The underlying cause is that this code assumes sk_msg_memcopy_from_iter()
will copy all bytes upon success but it actually might only copy part of
it.
I am not sure what Fixes tag I should put. Git blame leads me to a refactor
commit
and I am not familiar with this part of code base.
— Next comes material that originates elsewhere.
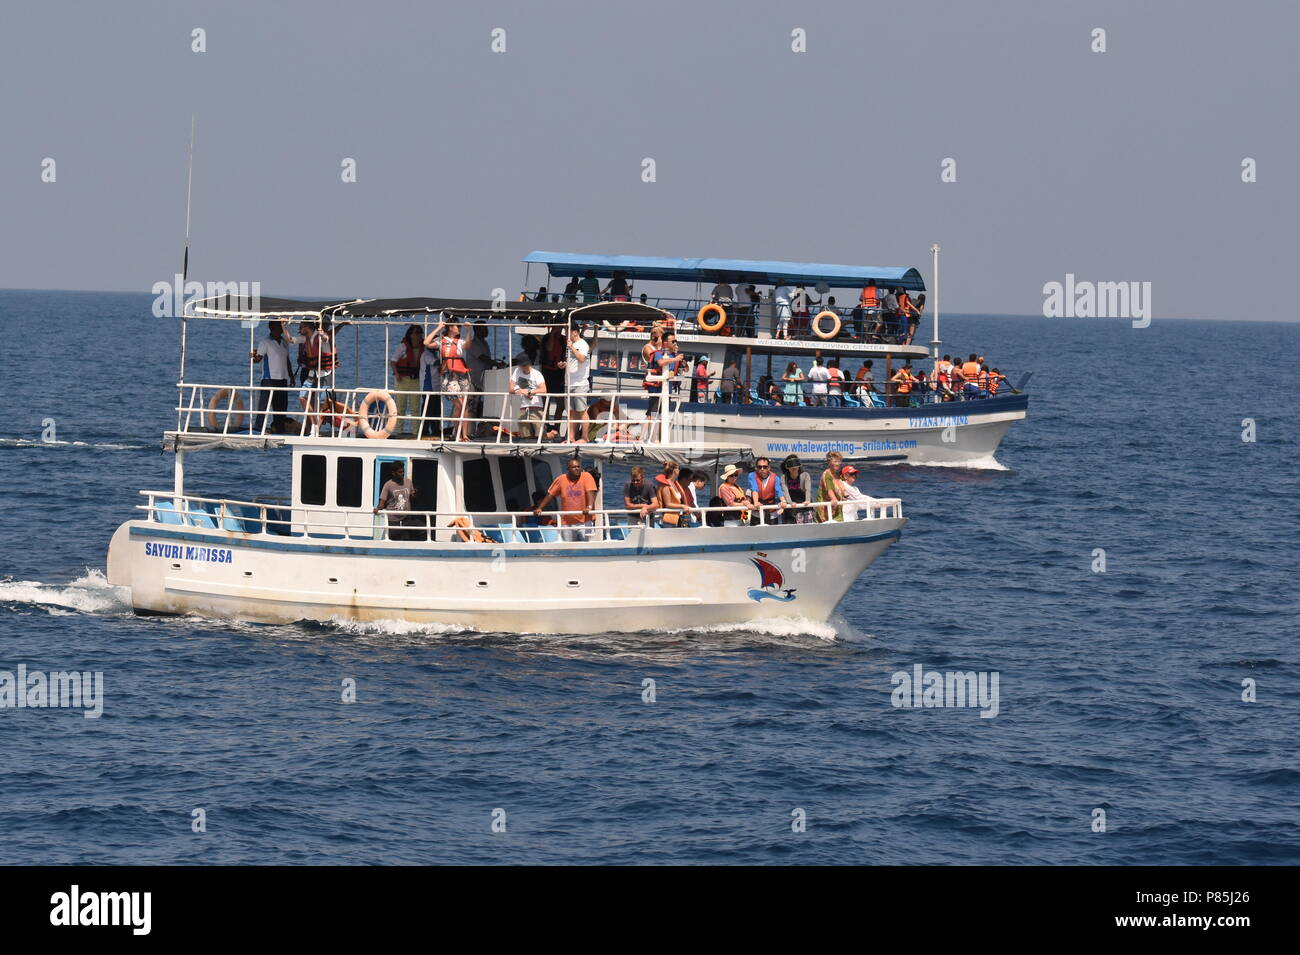 Walviskijkers uit de kust van Sri Lanka ; les observateurs de baleines à bord d'un navire au large de la côte du Sri Lanka Banque D'Images
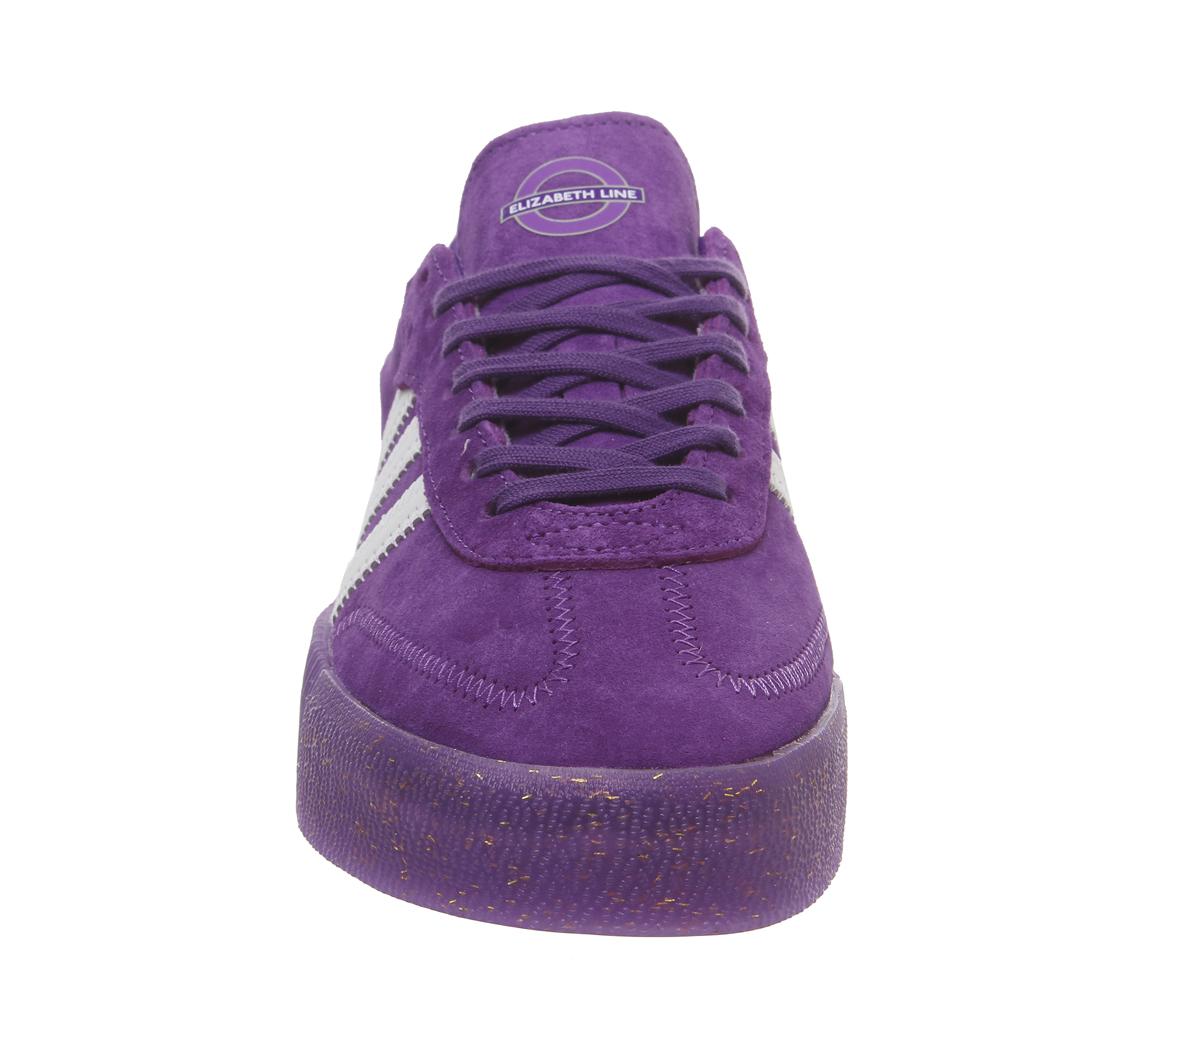 adidas originals tfl samba rose in purple and white

Any suggestions?
I think it is the following commit which introduced memcopy_from_iter()
(which was renamed to sk_msg_memcopy_from_iter() later):

commit 4f738adba30a7cfc006f605707e7aee847ffefa0
Author: John Fastabend <john.fastabend@xxxxxxxxx>
Date: Sun Mar 18 12:57:10 2018 -0700

bpf: create tcp_bpf_ulp allowing BPF to monitor socket TX/RX data

Please double check.

Thanks.
Thanks for your help. I will double check it.